Seeking Fortune Elsewhere – Sindya Bhanoo (Catapult, 2022)

I read an Advance Reading Copy of this book. All opinions are my own. On sale February 15, 2022.

There are a variety of characters, settings, and difficulties at play in these short stories but they share more in common than they are different. Each explores an aspect of or a character of South Indian heritage. Many involve immigrations and the separation that can develop between generations when international immigration occurs. Parent/child relationships, particularly for mothers and children are a featured theme in many of the stories.

That isn’t to say that the stories are monotonous. Each character that Bhanoo evokes comes alive and felt fresh and unique in each new story. We have a widow living in an idealized retirement community, a divorced mother grappling with grief after the loss of her young son, a professor who finds himself disgraced and forced into retirement. Both America and India feature as settings for the stories, sometimes with a story moving back and forth between countries, demonstrating the growing disconnect that so many immigrants find themselves faced with. Frequently there is a longing for home that is never fully realized, even as a character might know that they are in a fortunate position. Sometimes that longing for home is centred around a person, sometimes a physical place, sometimes something more ephemeral.

I can’t speak to how these stories might be read by someone who is either an immigrant or the child of an immigrant but there is a rawness here that felt authentic and honest to me. Bhanoo doesn’t shy away from the complications that love walks, the distance that grows when culture and language and history don’t line up in a single family. She uses the short story form perfectly, capturing vignettes that feel like part of something larger without leaving the reader feeling like there needs to be more. Definitely an author to watch.

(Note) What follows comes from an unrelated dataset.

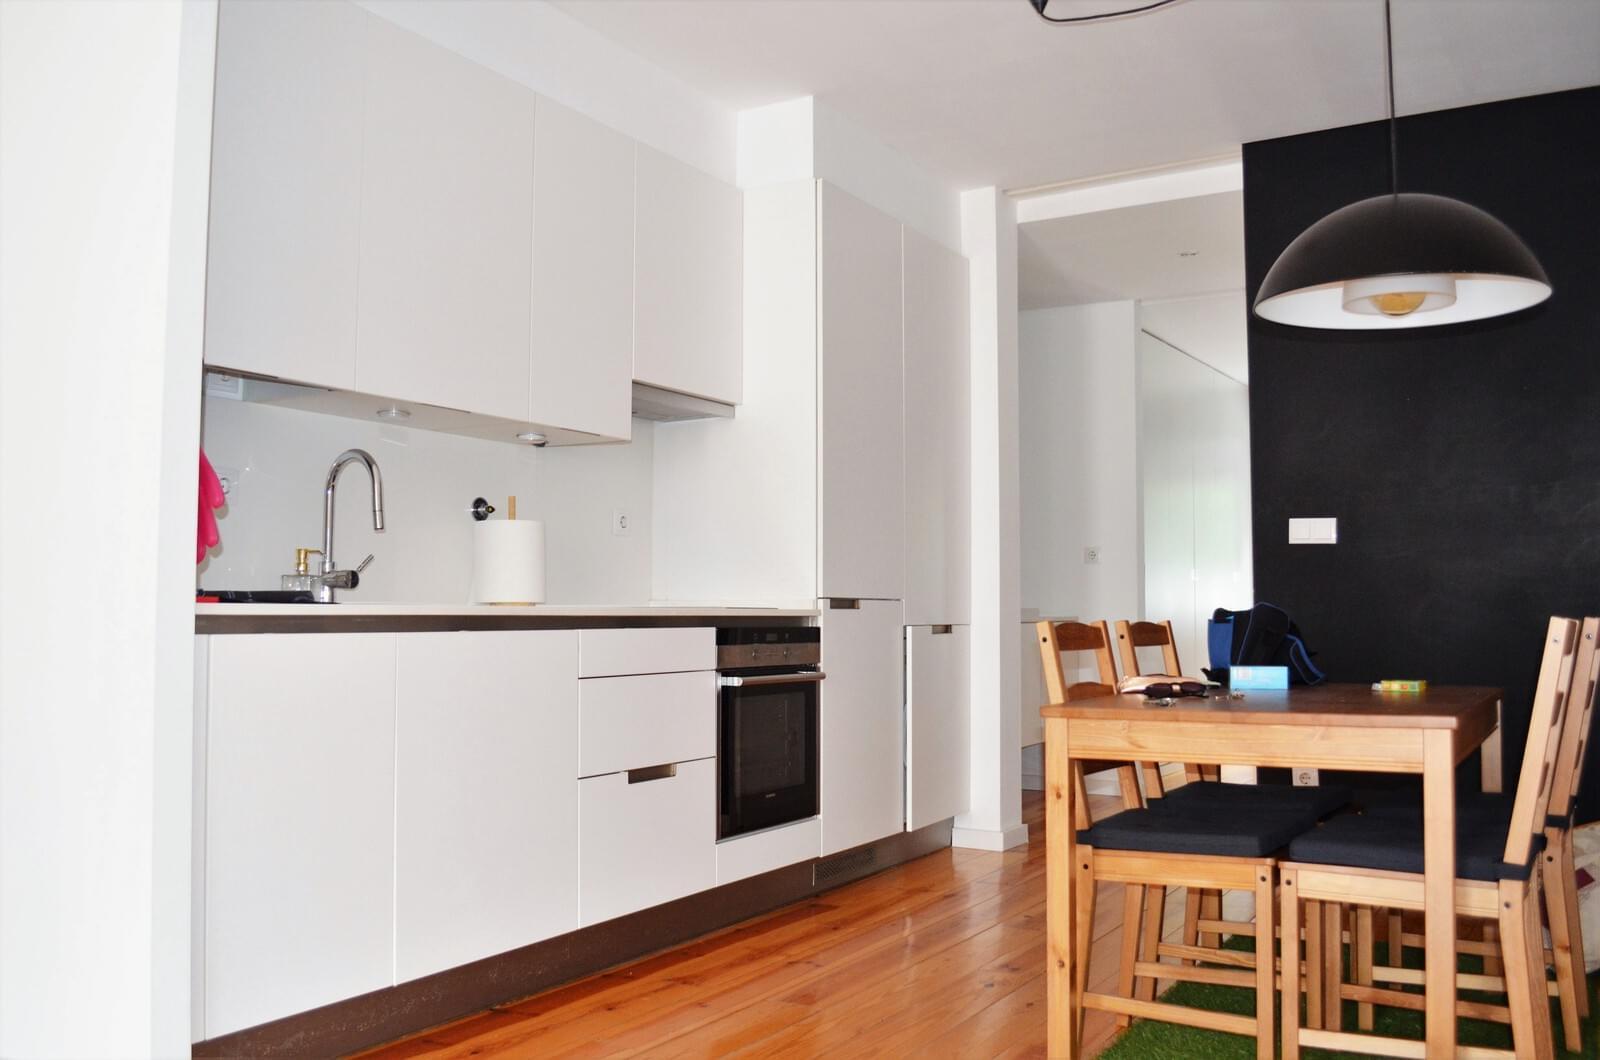 pf17785-apartamento-t1-lisboa-93c8a76b-e5c9-40fb-bd27-5a453510ab95
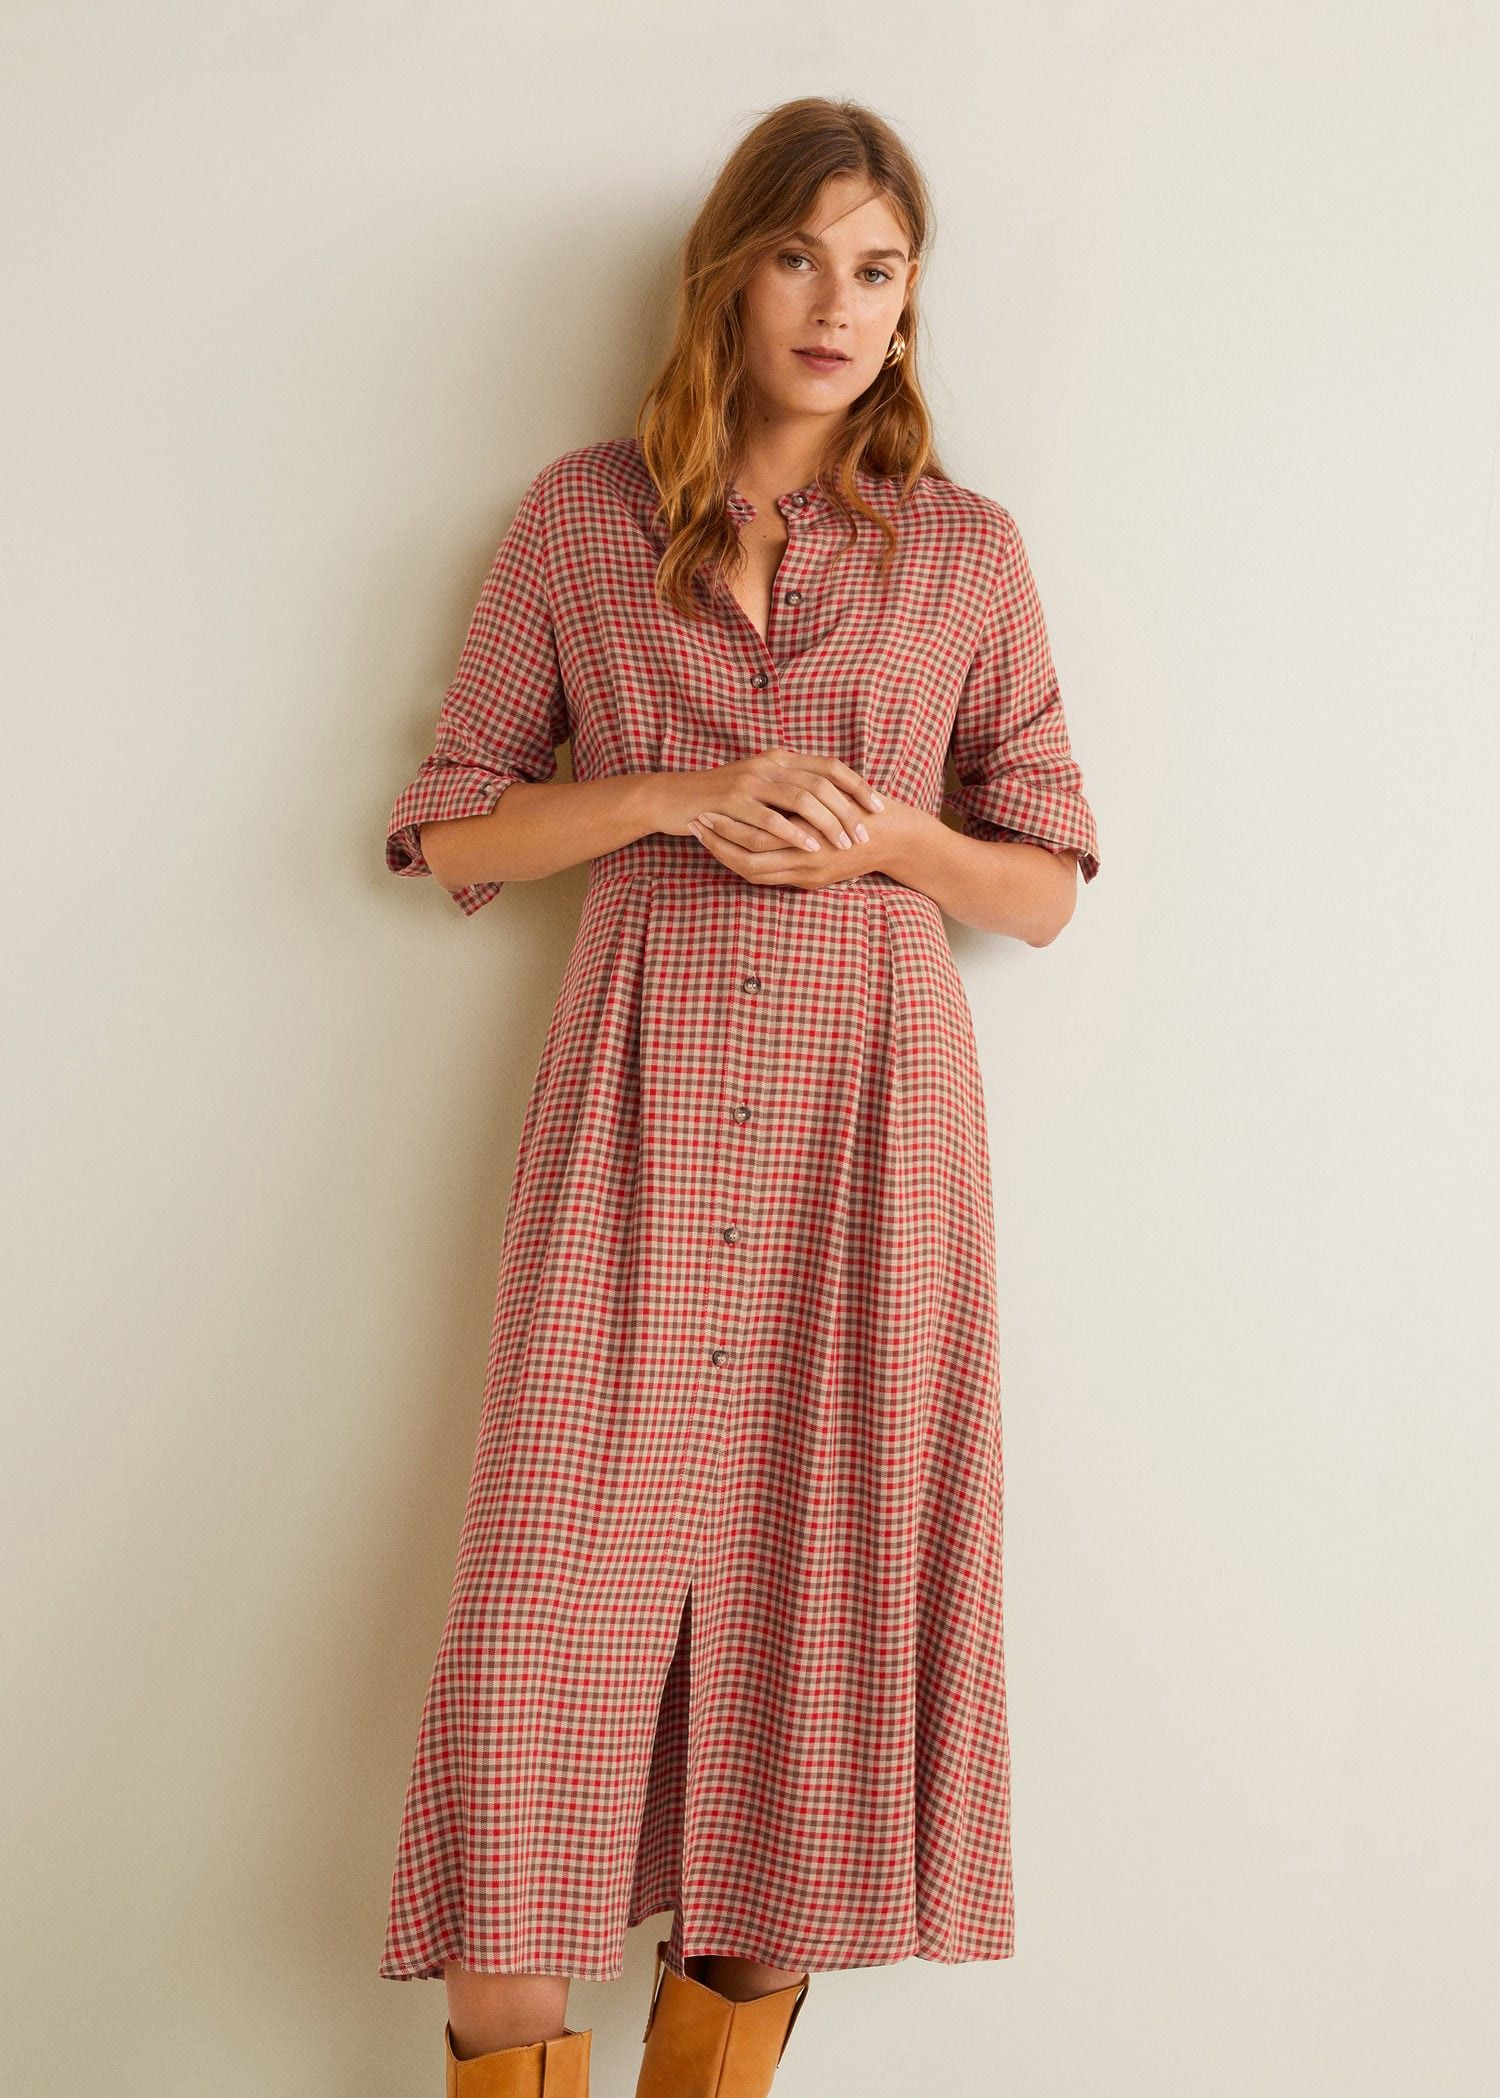 Checked linen dress by Mango  e0c712aca

5 thoughts on “Book Review: Seeking Fortune Elsewhere by Sindya Bhanoo”

    1. Yes, I really liked that! They all explore similar themes but in different ways and with different characters so it feels very well-rounded at the end.

  1. I’ve read so many books by and about Indians that read the exact same way: miserable marriage with a dominating male head of the house, independent daughter who won’t agree to an arranged marriage and makes dad angry, mother and aunties calling young women fat, sons who want to move to England and study philosophy/English lit/poetry…I’m not sure why they’re all so similar, but I don’t want to read the same tale repeatedly. I found The Namesake totally memorable, and A.M. Blair (fellow book blogger, also lawyer and writer) always puts out a great story about Sri Lankan women. This book sounds interesting, like it covers various facets of life in India and/or another country (Canada? the U.S.?). I’m going to grab a copy if my library has it!

    1. That’s true though I would say that it’s probably a fair portrayal of the issues within South Asian families. My high school friends all seemed to have secret lives they had to hide from their fathers! I liked that in this collection the stories and settings each felt different from the story before and even though a lot of those same issues were repeated, they were examined in different ways.